En conséquence, il sera fait droit à la demande de prolongation de la rétention administrative de [P] [M] [X] [P].
PAR CES MOTIFS
Ordonnons la jonction de la procédure suivie sous le numéro RG 24/04199 avec la procédure suivie sous le numéro RG 24/04200 et disons que la procédure sera suivie sous le seul numéro de N° RG 24/04199 - N° Portalis DBYV-W-B7I-G3EL.
Rejetons le recours formé à l’encontre de l’Arrêté de placement en rétention administrative.

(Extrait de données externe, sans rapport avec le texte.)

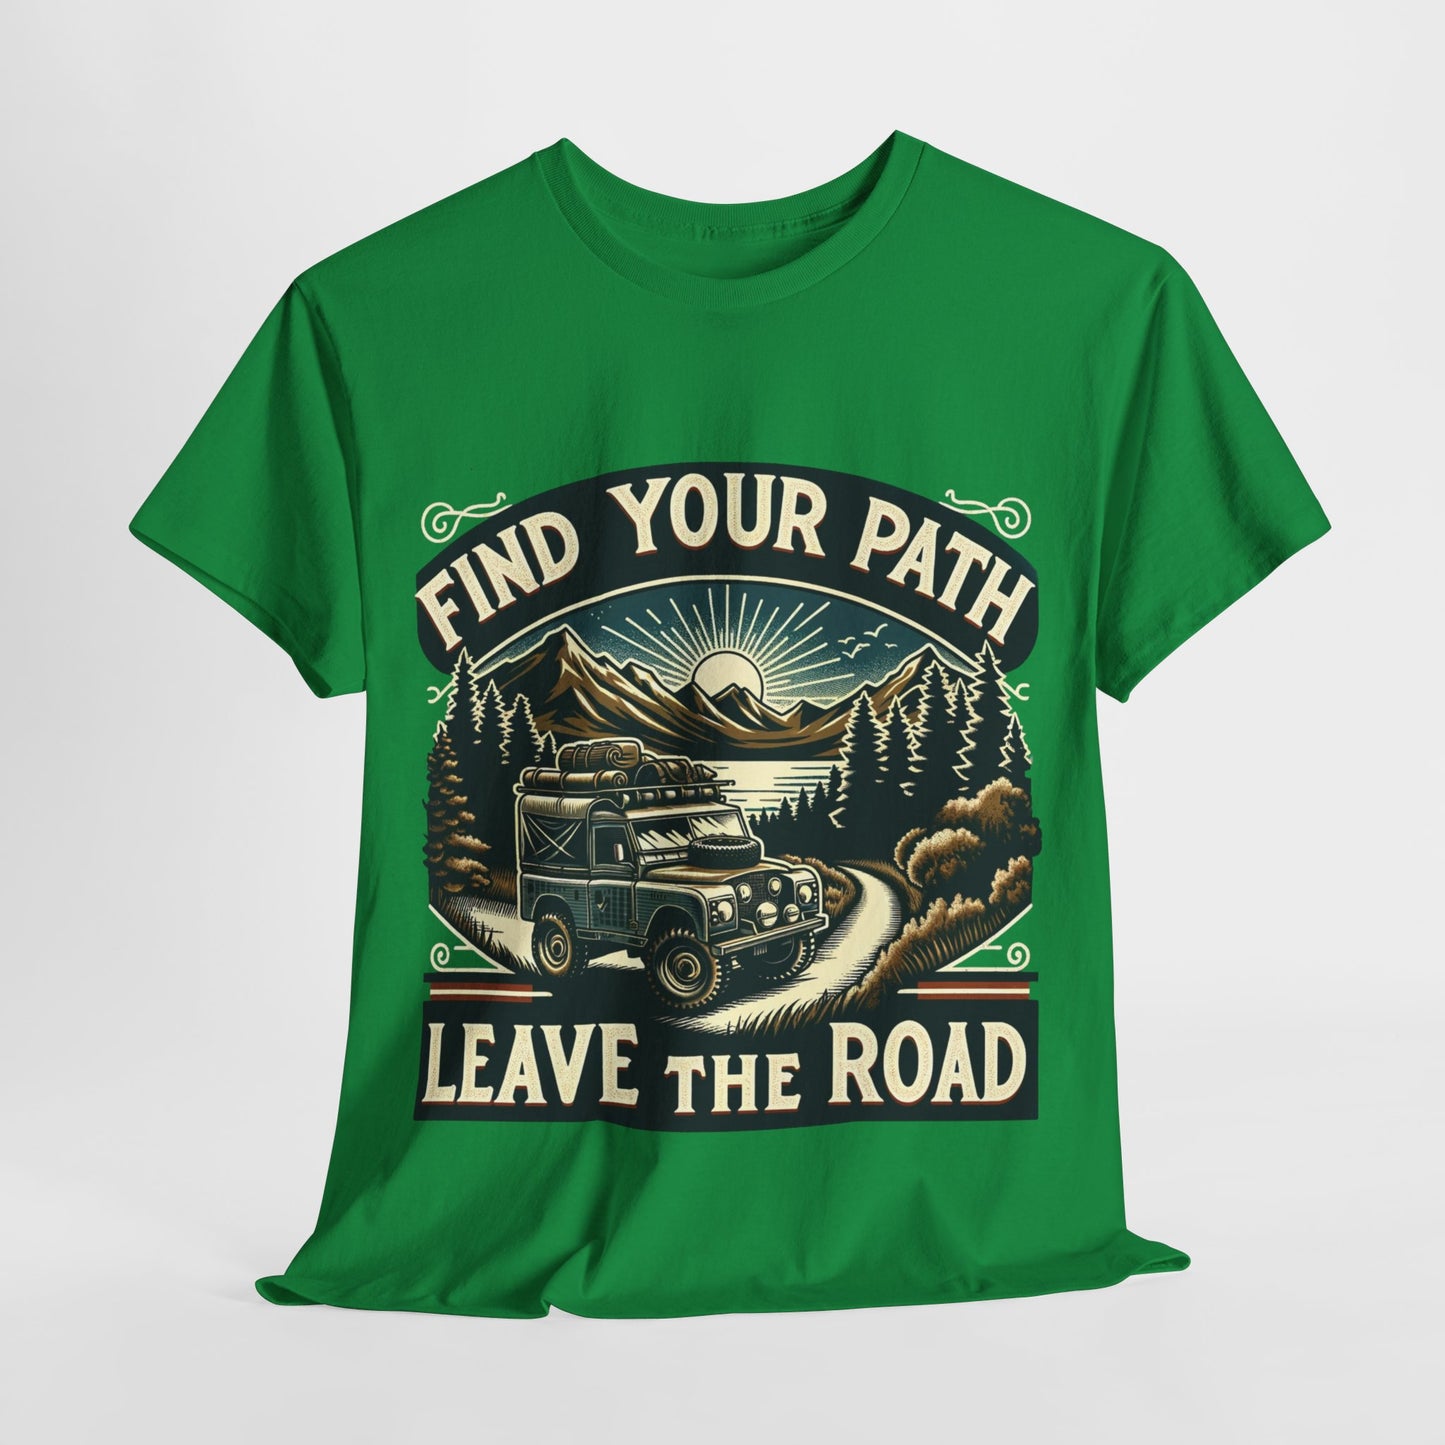 "Find Your Path, Leave the Road" T-Shirts – Perfect for Adventure Enthusiasts
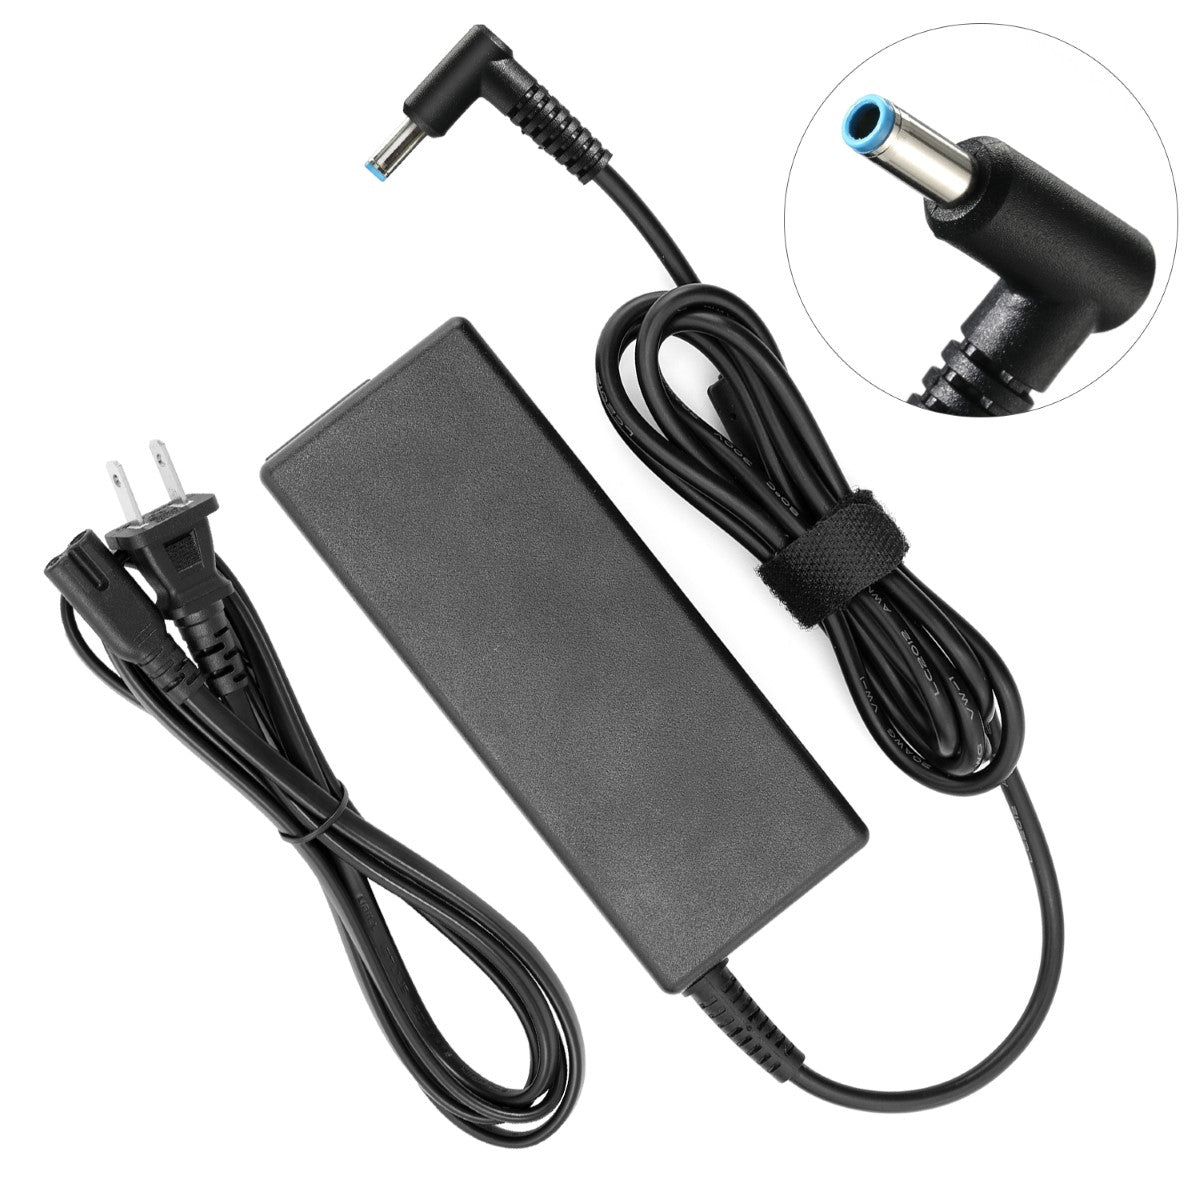 AC Adapter Charger for HP Envy Touchsmart 17-j170ca Notebook.

Ordonnons la prolongation du maintien de Monsieur X se disant [P] [M] [X] [P] dans les locaux non pénitentiaires pour un délai maximum de VINGT SIX JOURS à compter du 16/09/2024.
Notifions que la présente décision est susceptible d'être contestée par la voie de l'appel interjeté dans les 24 heures du prononcé de la présente ordonnance, devant le Premier Président de la Cour d'Appel d’ORLEANS ([Courriel 2]), et par requête motivée.
Rappelons à Monsieur X se disant [P] [M] [X] [P] que dès le début du maintien en rétention, il peut demander l’assistance d’un interprète, d’un médecin, d’un conseil et peut, s’il le désire, communiquer avec son consulat et avec une personne de son choix.
Décision rendue en audience publique le 15 Septembre 2024 à
Le Greffier Le Juge
Reçu notification et copie de la présente ordonnance le 15 Septembre 2024 à ORLEANS
L’INTERESSE L’AVOCAT L’INTERPRETE
Copie de la présente décision est transmise par courriel au procureur de la République, au Tribunal Administratif d’Orléans, à la PREFECTURE D’EURE-ET-LOIR et au CRA d’Olivet.